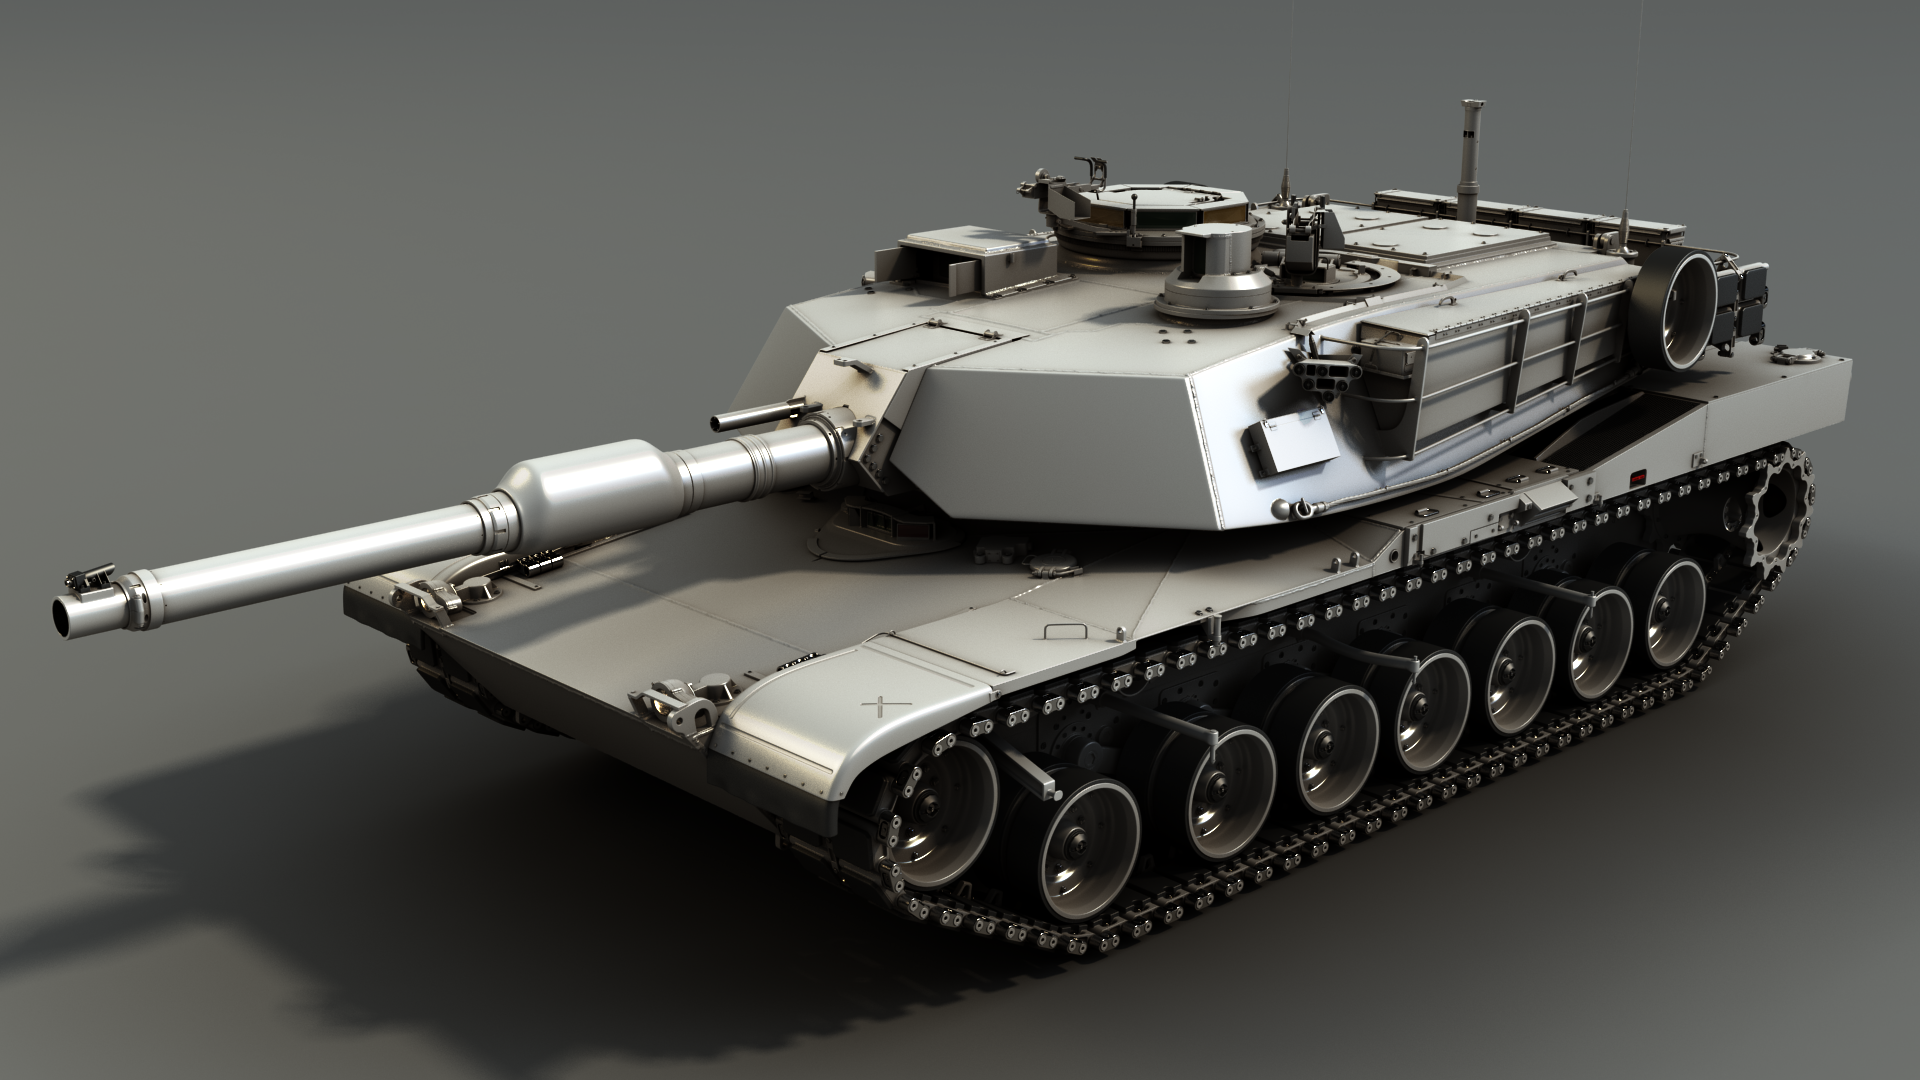 Military - Tank Wallpaper - Tank HD PNG
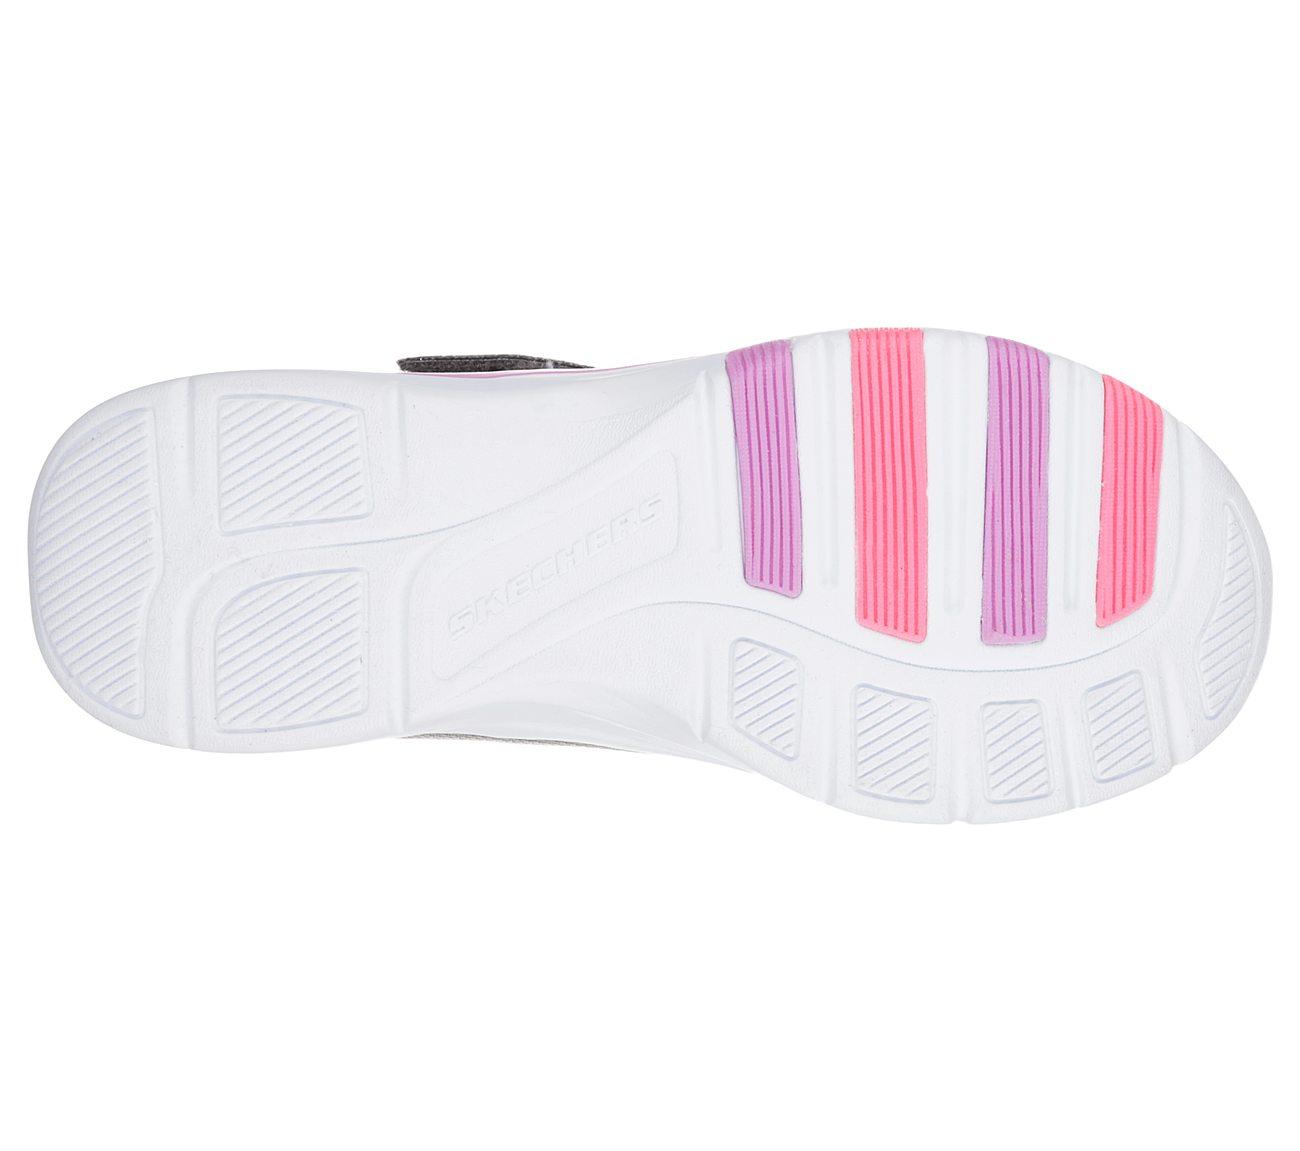 caf88b783c52 Buy SKECHERS Trainer Lite - Bright Racer SKECHERS Sport Shoes only ...
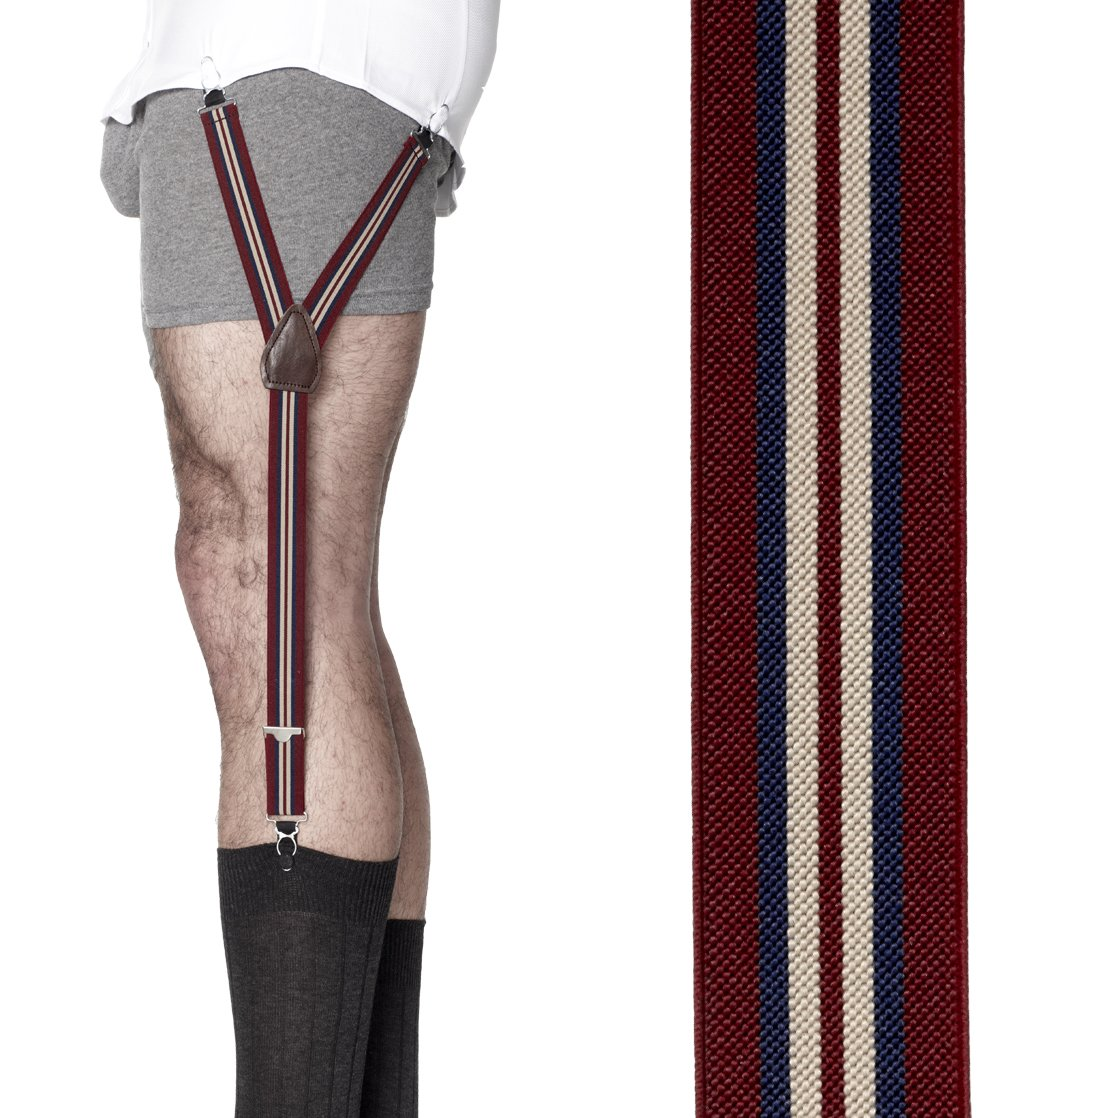 KK & Jay Supply Co. Shirttail Garters - Striped Shirt Stays (Crimson/Navy)

● Exercise description
Your task is to copy word for word the lines from the line containing "caf88b783c52 Buy SKECHERS" to the end of the listing, both included, and to drop any pictures.

● Response
 caf88b783c52 Buy SKECHERS Trainer Lite - Bright Racer SKECHERS Sport Shoes only ...
 KK & Jay Supply Co. Shirttail Garters - Striped Shirt Stays (Crimson/Navy)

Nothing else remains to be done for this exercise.